◆ **Work order**
In the entries that follow, find the line containing "Casa do Povo" and the line containing "Punk Polo Blue T-Shirt", then retype exactly the lines from the first through the second, pictures excluded.

◆ **Listed entries**
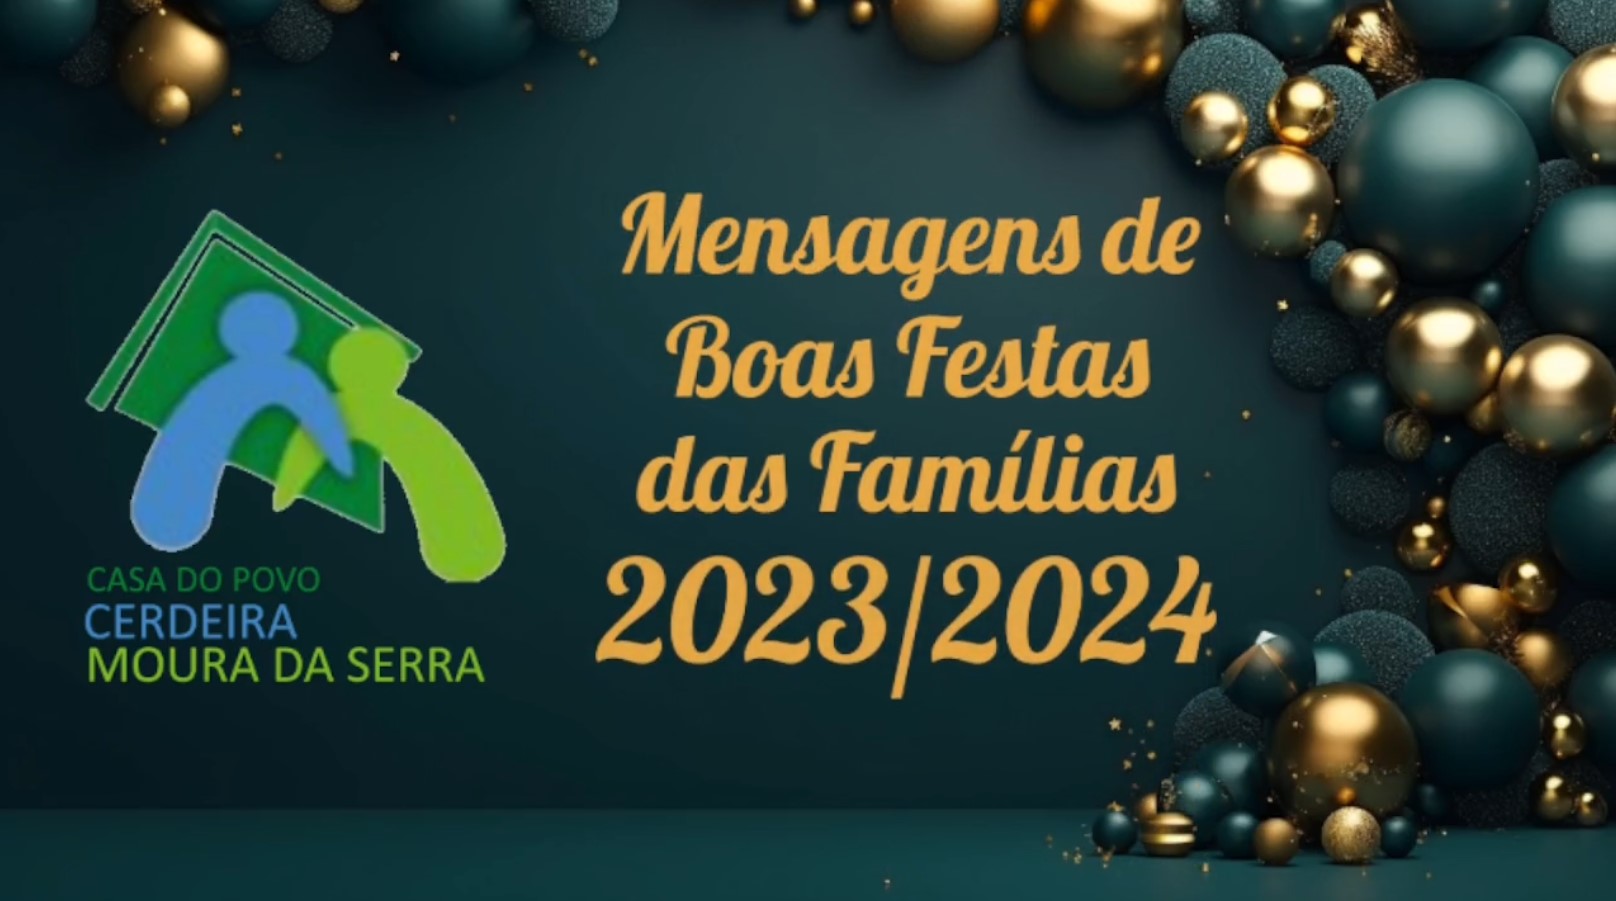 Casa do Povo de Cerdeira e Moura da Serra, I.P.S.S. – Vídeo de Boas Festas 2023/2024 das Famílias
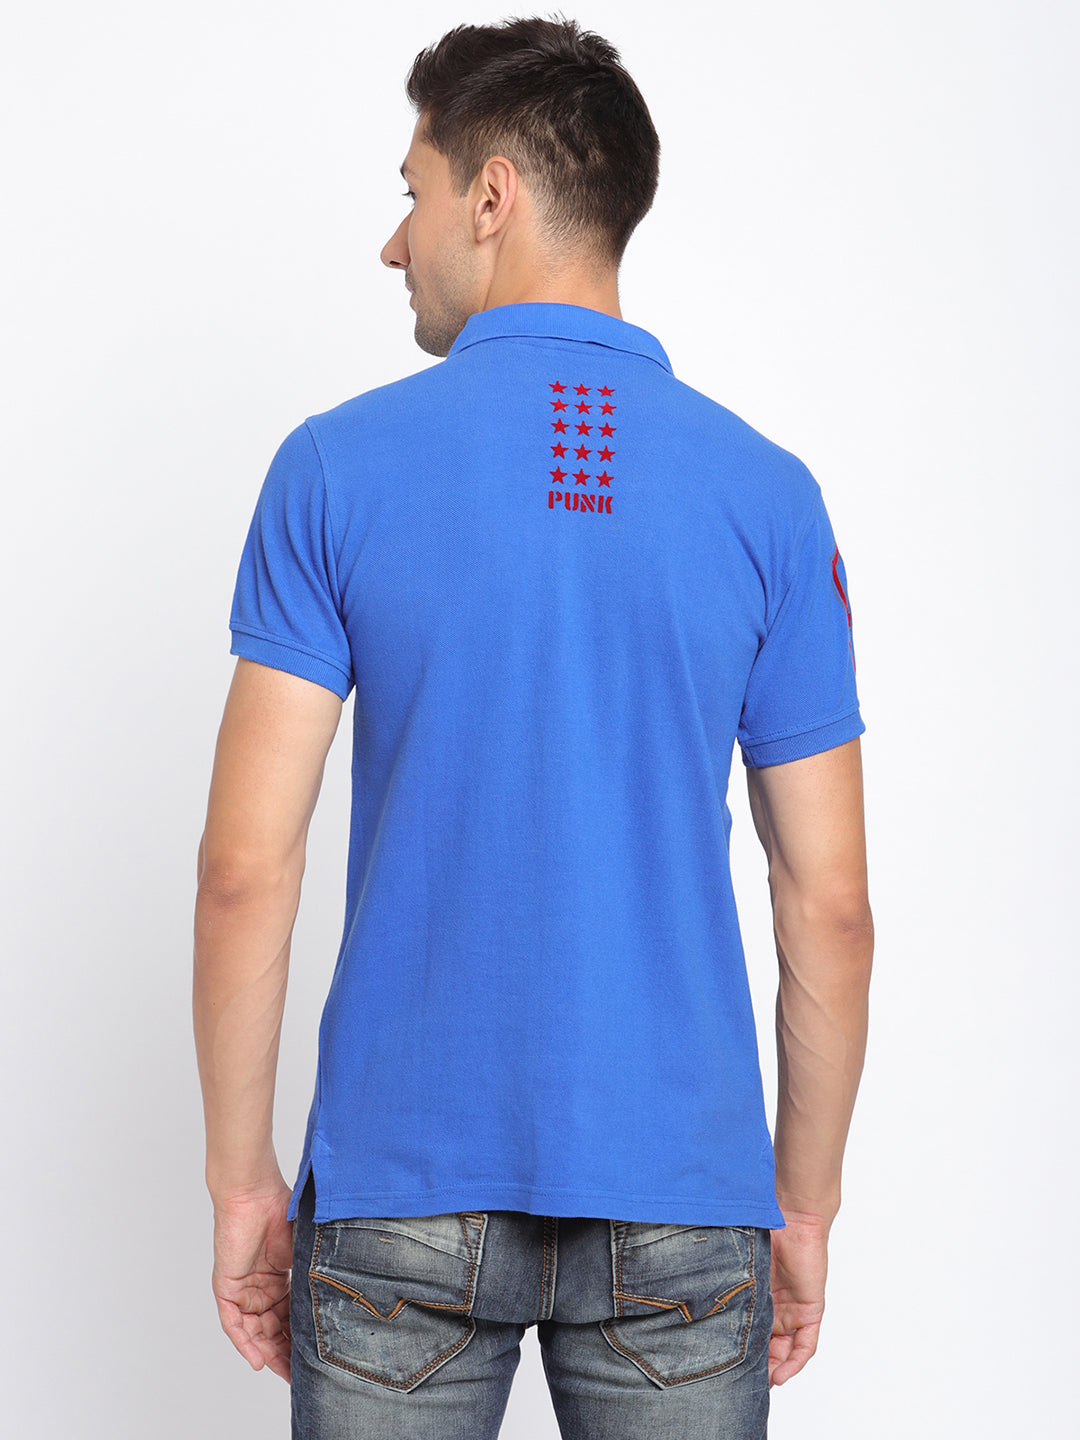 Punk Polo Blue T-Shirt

* * *

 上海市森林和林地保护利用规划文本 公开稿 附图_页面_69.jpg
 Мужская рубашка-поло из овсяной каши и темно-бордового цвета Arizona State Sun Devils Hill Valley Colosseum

◆ **Expected output**
 Casa do Povo de Cerdeira e Moura da Serra, I.P.S.S. – Vídeo de Boas Festas 2023/2024 das Famílias
 Punk Polo Blue T-Shirt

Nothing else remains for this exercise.